Jun 01 2012

Book Review: ‘Manga Guide to the Universe’

Published by at 5:12 pm under Reviews

I typically wouldn’t sit down and read a book about the universe. Don’t get me wrong: I absolutely love reading space new and seeing how technology is helping us learn more about our universe. Occasionally, a book will come along and catch my eye, so I’ll sit down and grind through a book heavy with scientific fact and rather dry with entertainment value.

Enter the “Manga Guide to the Universe, a manga book focused on a high school drama club. The book is a mix between typical manga comics and a scientific look at the universe — and it does a great job of breaking down complex space-related theories.

The authors even include a soccer diagram in the book to help relate how the universe was born, relaying yet another refreshing method to educate readers. Towards the end of each chapter, the authors include a technical breakdown of the scientific knowledge learned in that chapter – a great addition to the cute images used.

The book clearly wasn’t written to replace a text book, but can be used a great addition to help break down the general knowledge of space. “Manga Guide to the Galaxy” includes information about the solar system, how the universe was born, famous telescopes, discussion of the Heliocentric model, and other basic space information readers should know.

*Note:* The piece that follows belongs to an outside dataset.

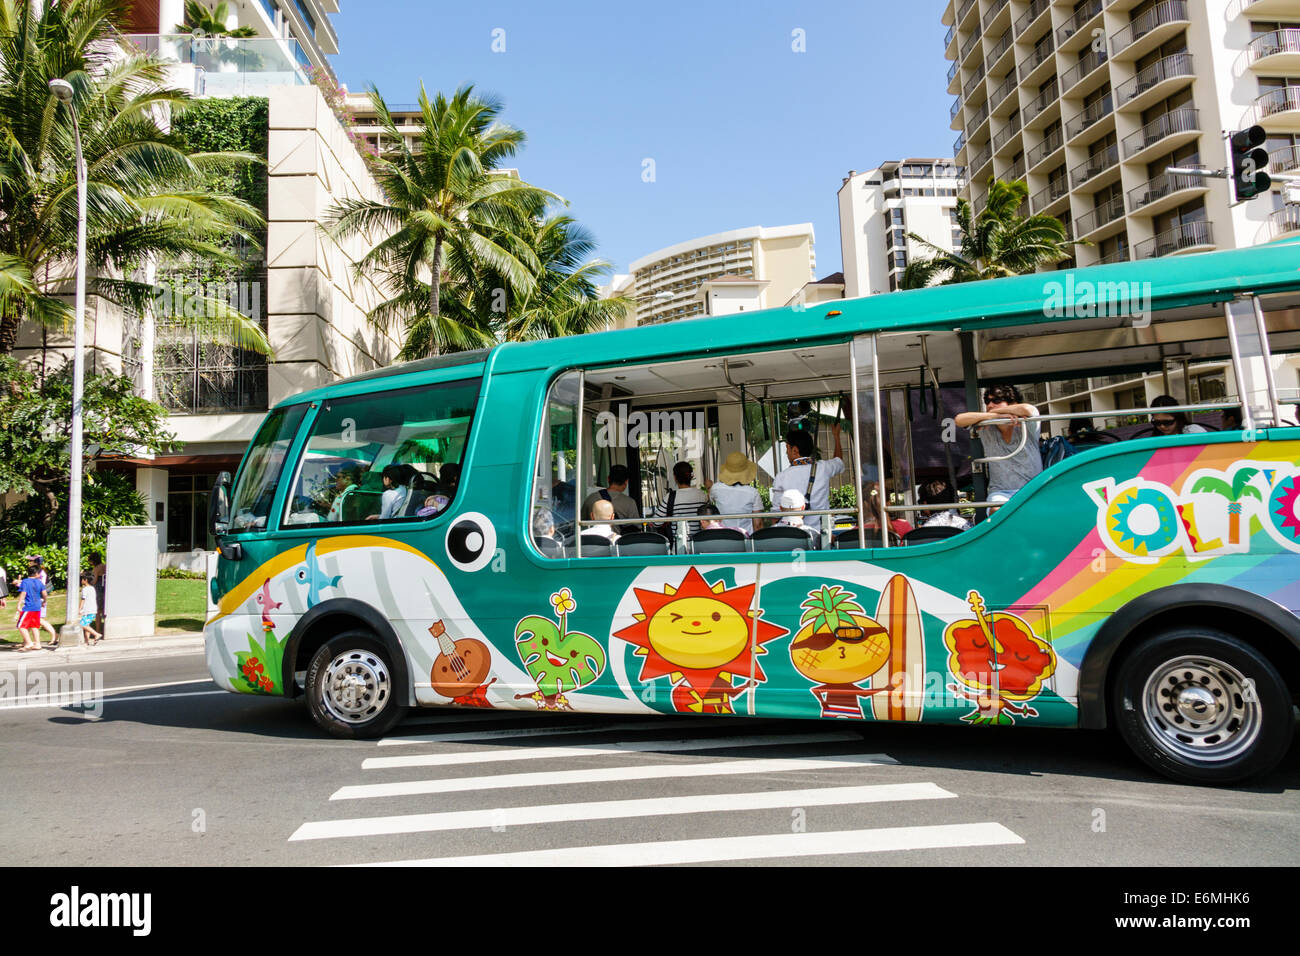 Honolulu Waikiki Beach Hawaii, Hawaiian, Oahu, Kalia Road, Bus, Bus, Besucher reisen Reise Tour touristischer Tourismus Wahrzeichen, Kultur kulturelle va Stockfoto

“Manga Guide to the Universe” is extremely easy to read, even if you’re not a science or space guru, and is recommended reading for anyone looking to learn. I think it’s best suited for an adult to try and teach a child about space, because the manga and diagrams help spell things out even better.
You can read the prologue and chapter 1 by clicking here (PDF).

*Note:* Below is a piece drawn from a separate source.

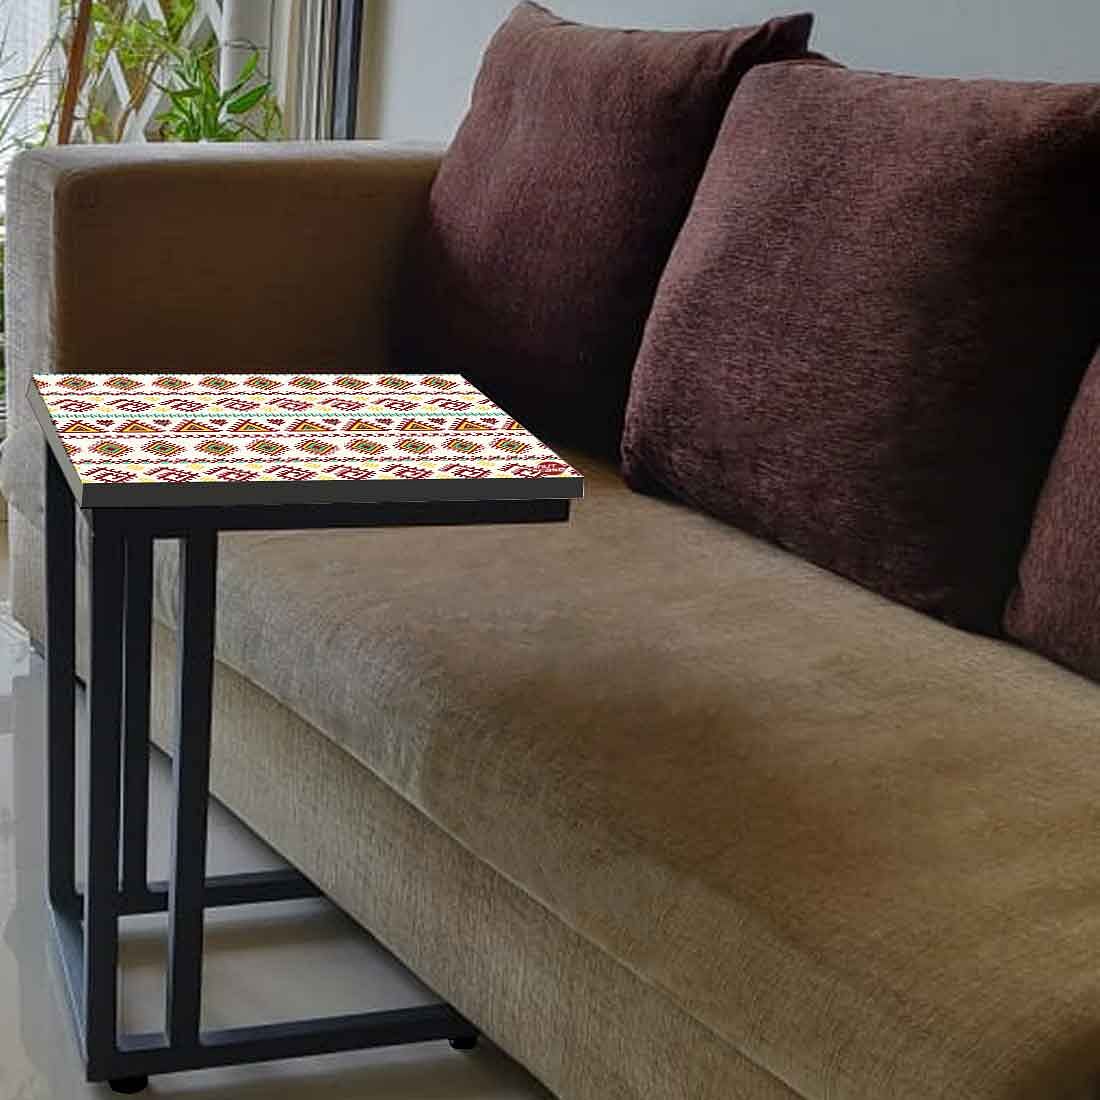 C Shaped Sofa Table  - Aztec White Green Pattern Nutcase

The print & e-book version is available from O’Reilly for $21.95, but you can find a copy of the book on Amazon for less than $14.
I wrote a review of “The Manga Guide to Calculus” in 2009, and found the book to be a fun and unique look into math. After flipping through the “Manga Guide to Biochemistry,” Ted took his copy of the book to work with him. It turns out, researchers and biochem geeks absolutely loved it!

Each book in the Manga Guide series provides an interesting way to relay information on sometimes complicated topics.